Besides being unsure of authorship, scholars are also divided on both the intent and length of the song. Some scholars feel that the song is purely about sleep and that the last four stanzas concerning love were a later addition and the instances of the word love in earlier stanzas are the result of transcription errors. Other scholars argue that the entire eight stanzas are the work of a single hand.

== Synopsis ==
Considered as a single work, the poem contains three parts. In the first part, including stanzas one through four, the topic is centered upon sleep and the beneficial effects of sleep upon the body. In the second part, including stanzas five and six, the focus turns to how sleep is the natural result of - and complement to - sex. The final two stanzas shift focus again, to being purely about sex.

== Analysis ==

=== Structure ===
Both the rhyme scheme and meter are irregular, though translators such as John Symonds have sometimes forced the poem into rhyming couplets. Because the poem is only known from a single source, transcription errors, partly illegible phrases, and other mistakes are difficult to identify with certainty and translators and commentators have made a number of emendations to the text. For example, the first line of the fourth stanza in the original text contains the name of Orpheus, the legendary poet and singer from Greek mythology, but many writers have emended this to Morpheus who, as god of dreams and sleeping, seems much more likely to be the name meant. Attempts to emend or otherwise "fix" the text are complicated by concerns that the eight stanzas are the result of multiple authors with differing subject matter (see below). An example of this occurs in the final line of the first stanza where the word pignora ("pledges") is used. Within the context of the "whole" version of the poem, it refers to pledges of love, but commentators who do not believe the last half of the poem is part of the original author's work have emended that word to pondera ("weights"), which is more in keeping with the subject of sleep.

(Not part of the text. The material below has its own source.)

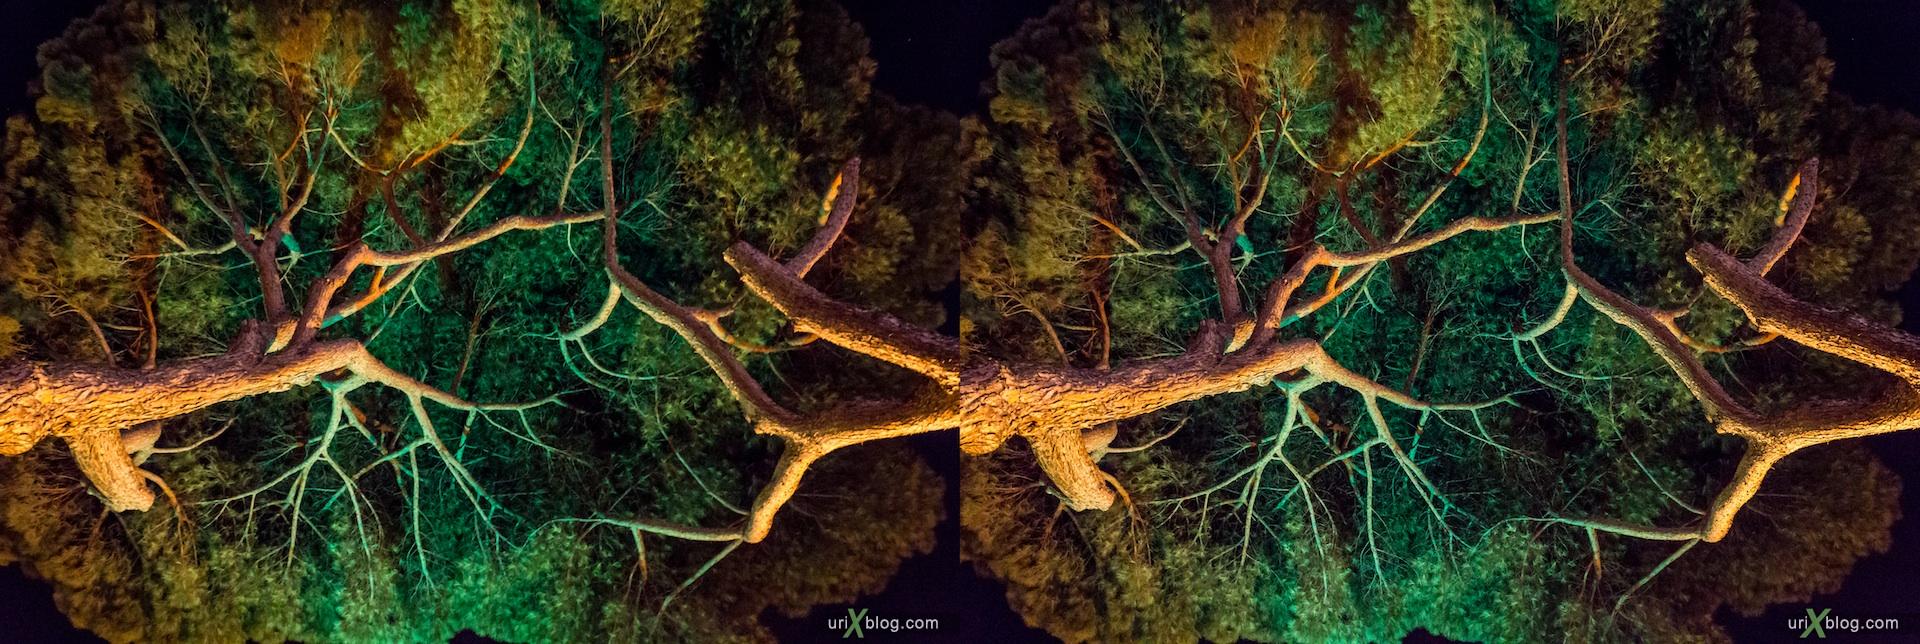 2012, Vittoriano, trees, night, Via di San Pietro in Carcere street, Rome, Italy, Europe, 3D, stereo pair, cross-eyed, crossview, cross view stereo pair

| Original | Free translation (by Parlett) | Literal translation (by Walsh) |
|---|---|---|
| Dum Diane vitrea sero lampas oritur et a fratris rosea luce dum succenditur, dulcis aura zephyri spirans omnes etheri nubes tollit; sic emollit vis chordarum pectora et immutat cor, quod nutat ad amoris pignora. | When Diana's crystalline lantern rises late at night, shimmering with undershine from her brother's rosy light: when the gentle Zephyr's breeze whiffles little clouds with ease up and away... so then the lay of lutenists and ligatures lures returning hearts from yearning after lovers' overtures | When the glistening torch of Diana rises late in the day and is ignited by the rosy light of her brother, the sweet breath of the West Wind with its exhalation removes all clouds from the sky. In the same way that wind by the power of his strings relieves men's breasts and transforms the heart that is wilting in the face of love's pledges |

=== Background ===
There has been a great deal of debate as to the proper structure of the poem; one group of commentators feels that all eight stanzas belong together and are the work of a single author, while the other group feels that only the first four stanzas are original and the last half of the poem is an inferior addition by a later hand. A portion of this second group in fact feels that there are two later hands: one which added the fifth and sixth stanzas and another which added the seventh and eighth.

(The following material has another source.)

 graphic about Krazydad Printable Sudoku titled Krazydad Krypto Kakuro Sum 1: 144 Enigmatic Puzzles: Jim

In the 1930 translation of the entire text of the Carmina Burana by Hilka, Schumann, and Bischoff, only the first four stanzas are given in the main text and the remaining four are relegated to a mere footnote for the sake of completeness. In contrast, Peter Dronke argued that all eight stanzas were the work of a single author in his 1965 book, Medieval Latin and the Rise of the European Love-Lyric, specifically citing the presence of Dum domus lapidea, an eight stanza parody of Dum Diane vitrea, later in the Carmina Burana text (CB 197). However, translators on both sides of the debate have pointed out that this merely means that the extension of the poem took place before the parody was written and doesn't definitely prove things either way. In his 1993 book, Love Lyrics from the Carmina Burana, translator P.G. Walsh stresses that examining the text itself is the only proper way to decide the debate, stating that "Stanzas 1-4 form a miniature masterpiece on the single theme of the blessings of night for the wearied lover" while the next two stanzas "[R]ead like a technical discourse on the physiological effects of lovemaking on the eyes" and the final two are merely "banal borrowings."